I'm looking at the
mismatch_histogram.png output of the evaluate-seqs function and wondering how the y-axis counts are binned.
My guess is that the x-axis, labeled
distance to nearest expected feature represents the percent identity of the alignment between query and subject. However, if this is correct, this isn't necessarily a useful feature because you can be including sequences with 100% identity but an ambiguous coverage percentage. It seems like this part of the code indicates that's what's going on, but apologies if I'm overlooking something.

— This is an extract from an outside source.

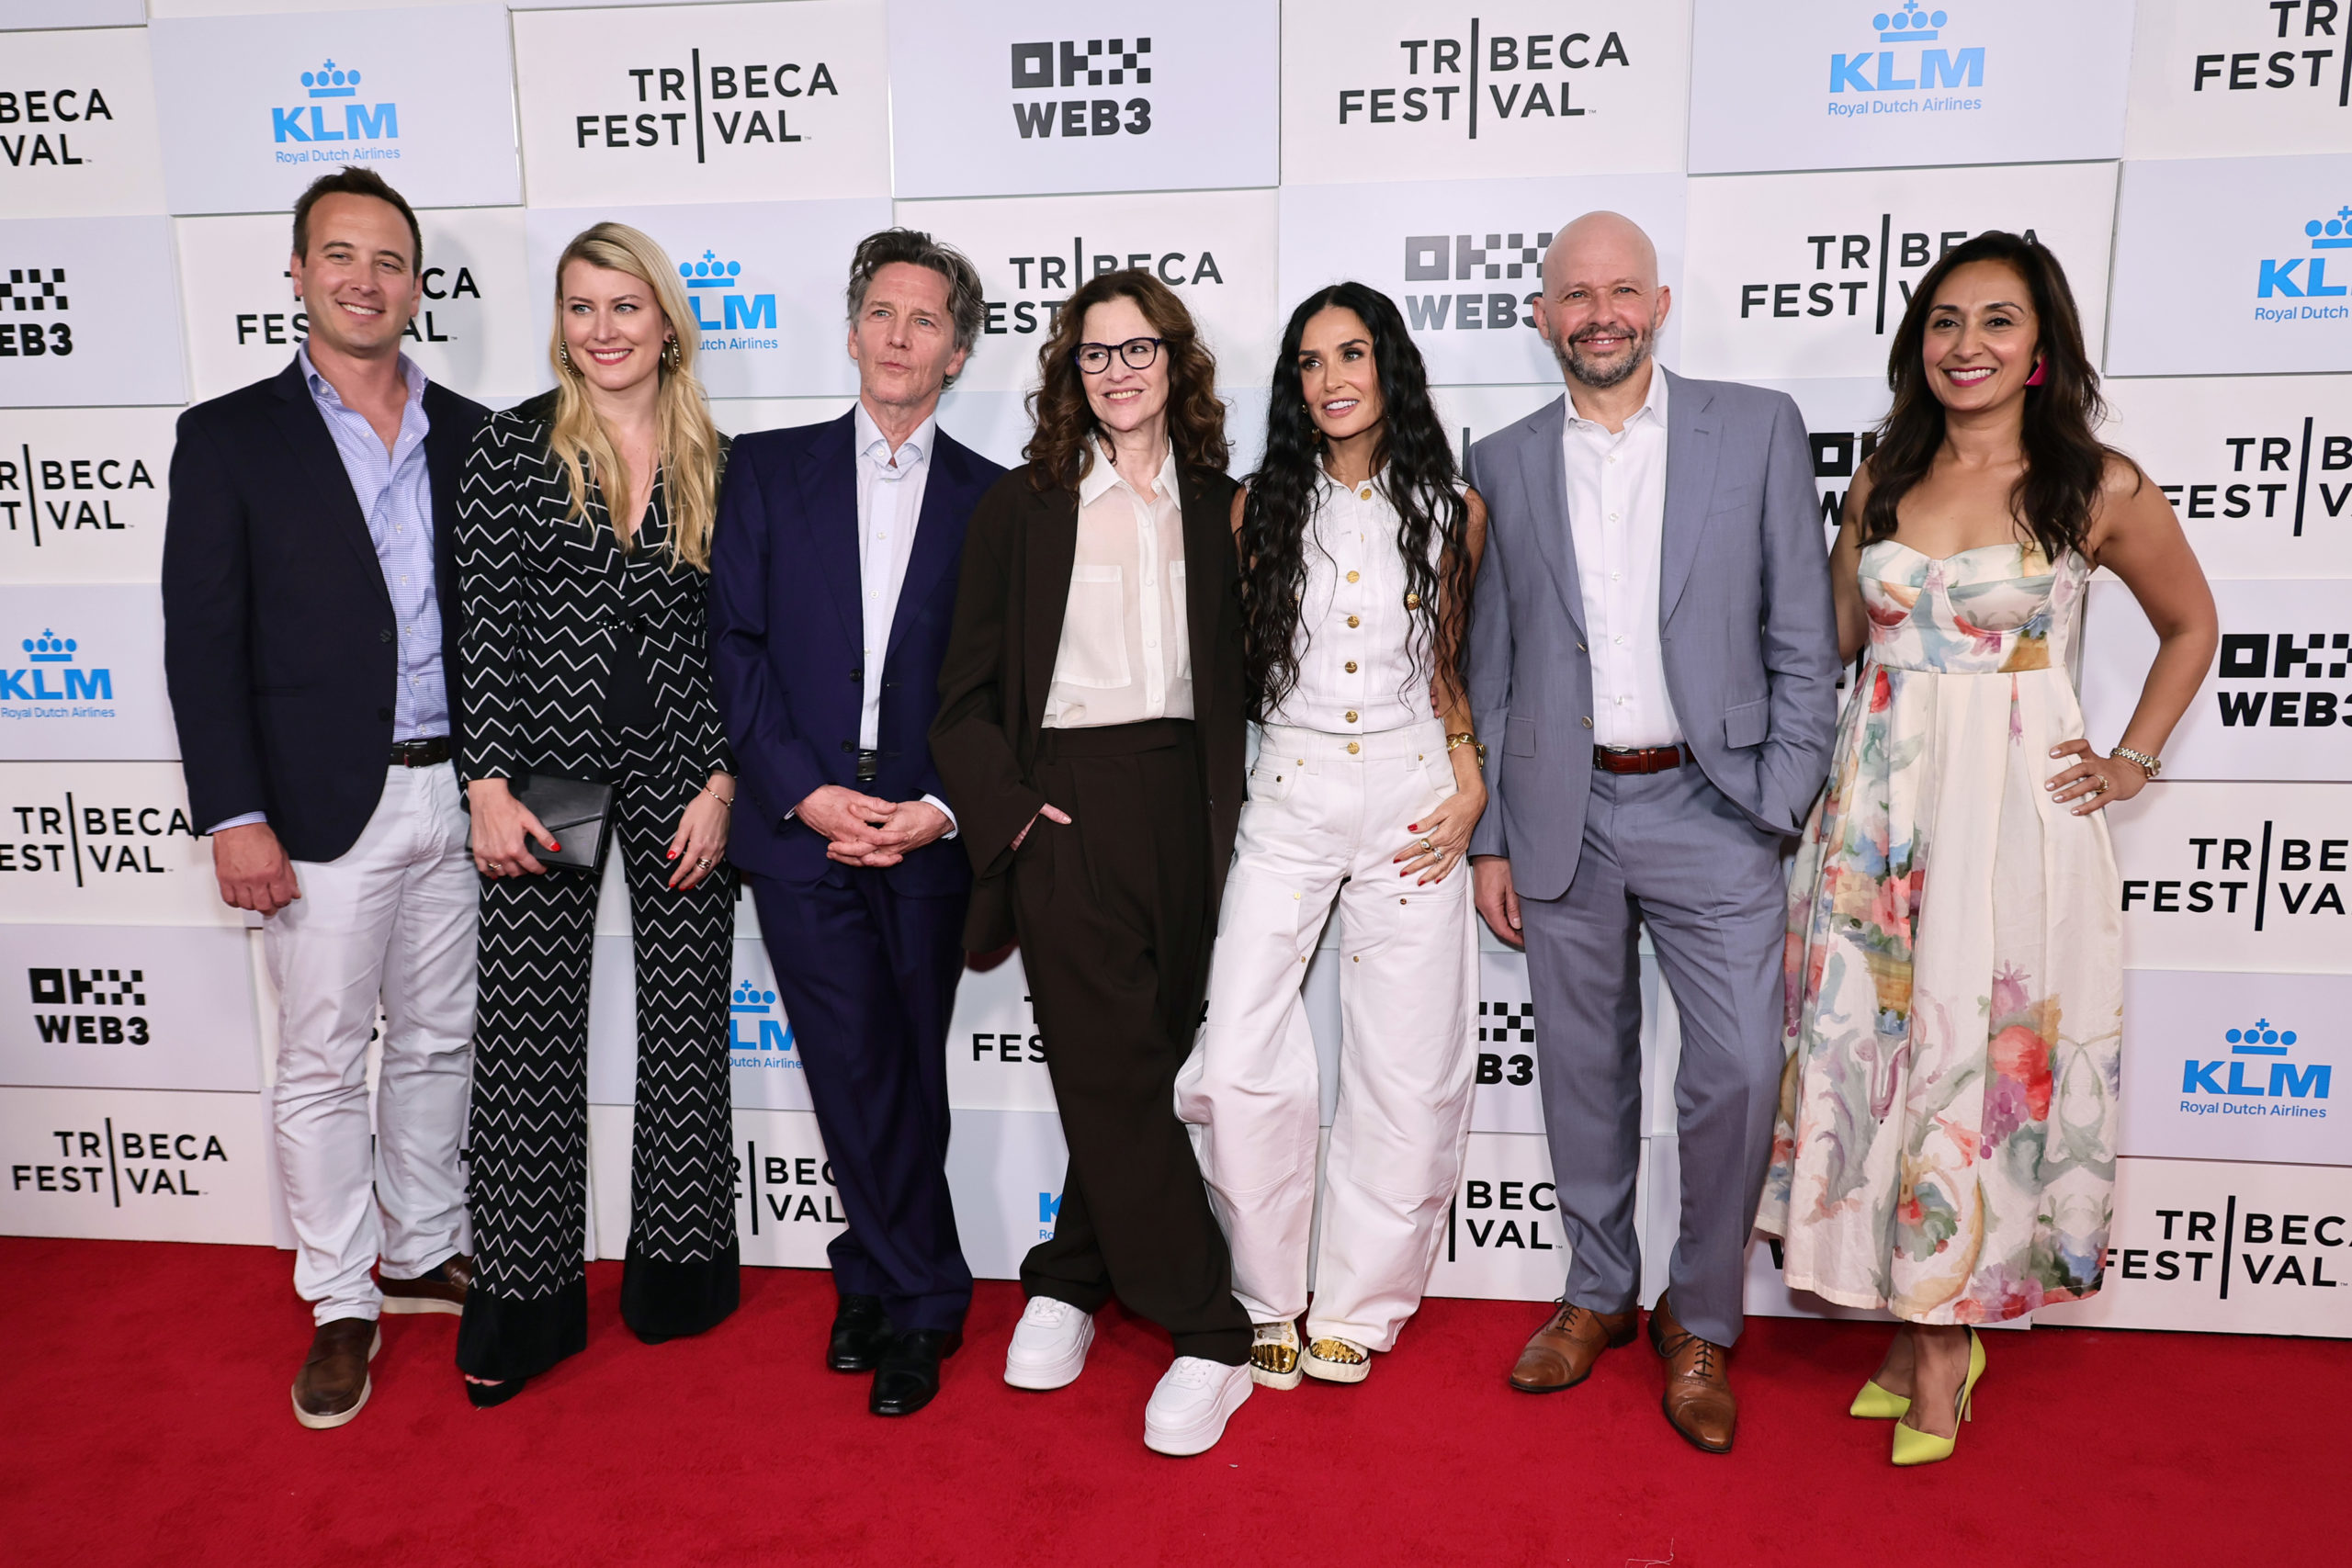 NEW YORK, NEW YORK - JUNE 07: (L-R) Mike Kelley, Victoria Thompson, Andrew McCarthy, Ally Sheedy, Demi Moore, Jon Cryer and Reena Mehta attend the "BRATS" premiere during the 2024 Tribeca Festival at BMCC Theater on June 07, 2024 in New York City. (Photo by Theo Wargo/Getty Images for Tribeca Festival)

I wonder if the plot I'm looking for is more of a kernel density plot with the x and y axes representing the coverage and identity, with the shade representing the counts. A bit more complicated, but it'll avoid lumping in a bunch of query sequences that may have few mismatches but align over just a fraction of the subject reference sequence. I'm not sure if pandas does that 2d kernel density plot, but it looks like their hexbin plot will do the same kind of thing. I have seen the 2d kernel density plot within the seaborn version, for what it's worth.
Here's one way I was thinking about these same data - notice how by including both coverage and alignment the number of bins both increases, but also highlights the fact that there are several sequences with my target amplicon length (180 or 181bp) at that 100% identity (I highlighted these in red), but also many others which fall short of the full coverage.
Thanks for the help!
Yes, you are correct. This visualizer was designed sort of with the assumption that reads are the same length.
Care to contribute? It looks like you have already put together some code to do this, and it would be a good advancement for this visualizer!
Sounds like my first Python challenge @Nicholas_Bokulich!
Hoping to take up that challenge sometime this spring, but no promises
I wanted to mention that I thought a little harder about the effect of plotting percent identity with percent coverage (or just the alignment length value); one thing that became clear to me is that the binning approach that I posted earlier is fine when you want to ask "what are the most common coverage/identity values", but that's very misleading. Common in this case doesn't take into consideration the read depth for each ASV observed at that coverage/identity.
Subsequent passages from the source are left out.